A culpa é do TVDE

Todos os dias, milhares de viaturas de rent-a-car circulam pelas ruas do Funchal e por toda a ilha. Ocupam grande parte do espaço viário e do estacionamento, frequentemente conduzidas por turistas pouco habituados às particularidades da nossa rede rodoviária. O resultado é visível: congestionamentos constantes, estacionamento desordenado e acidentes que paralisam a mobilidade. Contudo, de forma quase automática, repete-se a mesma sentença: a culpa é do TVDE.

Na via rápida, os acidentes envolvendo carros de aluguer tornaram-se parte da rotina. Entradas mal calculadas nos nós de ligação, ultrapassagens arriscadas em zonas de visibilidade reduzida, travagens inesperadas nos túneis — tudo isto contribui para um cenário de risco diário. Ainda assim, quando se procura um culpado pelo caos rodoviário, a narrativa insiste: a culpa é do TVDE.

Nos locais de maior interesse turístico — Cabo Girão, Pico do Areeiro, Santana, Monte, Câmara de Lobos — a realidade repete-se. Filas intermináveis, estacionamentos lotados e acessos congestionados. O peso esmagador das viaturas de rent-a-car é incontornável. Mas, uma vez mais, prefere-se a explicação mais fácil: a culpa é do TVDE.

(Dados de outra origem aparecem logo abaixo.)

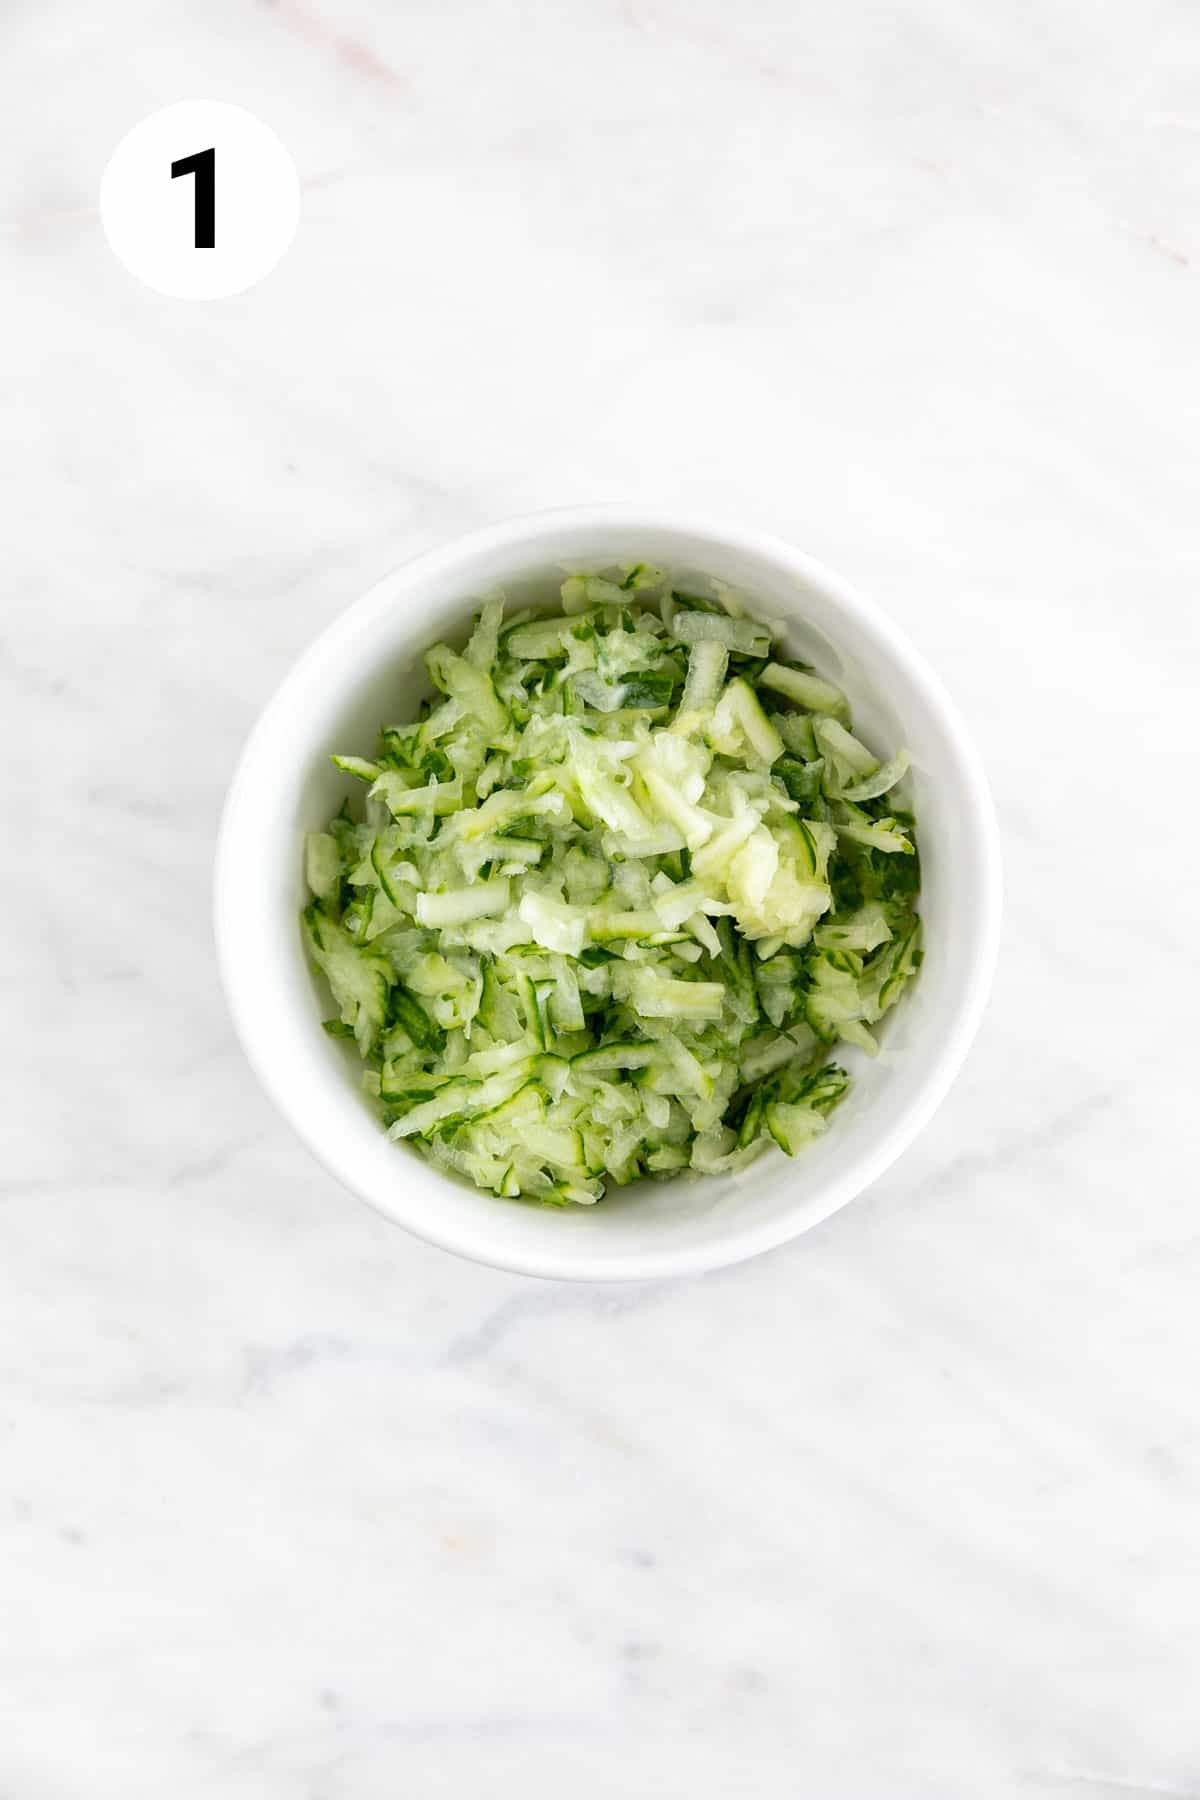 Grated cucumber in a white bowl.

Este discurso simplista revela um problema maior: a falta de coragem em assumir que a pressão sobre a mobilidade da Região não está apenas nas plataformas digitais de transporte, mas sobretudo no excesso de oferta de viaturas de rent-a-car, numa ilha com capacidade limitada de infraestruturas rodoviárias.

A acusação de que o TVDE é o responsável pela perda de clientes dos táxis carece igualmente de rigor. A realidade é bem mais complexa. Além do rent-a-car, existem ainda as empresas de animação turística, que conquistaram uma fatia considerável do mercado, transportando visitantes directamente para as suas actividades. Há também mudanças no perfil do turista, cada vez mais autónomo e inclinado a explorar a ilha por conta própria.

Não podemos, portanto, continuar a reduzir o debate a um falso dilema: táxi contra TVDE. O TVDE não é — nem de perto — o principal responsável pela diminuição de clientes dos táxis. É apenas um operador adicional num mercado que já enfrentava desafios profundos antes da sua chegada.

Se não houver uma estratégia integrada de mobilidade, que envolva todos os sectores — táxis, TVDE, rent-a-car e animação turística — continuaremos a assistir ao mesmo cenário: estradas saturadas, conflitos entre operadores e uma percepção negativa por parte dos visitantes.

No fim, a pergunta impõe-se: até quando iremos fingir que a raiz do problema não está nos milhares de viaturas de aluguer que circulam diariamente pela ilha, e preferir culpar algumas centenas de veículos TVDE?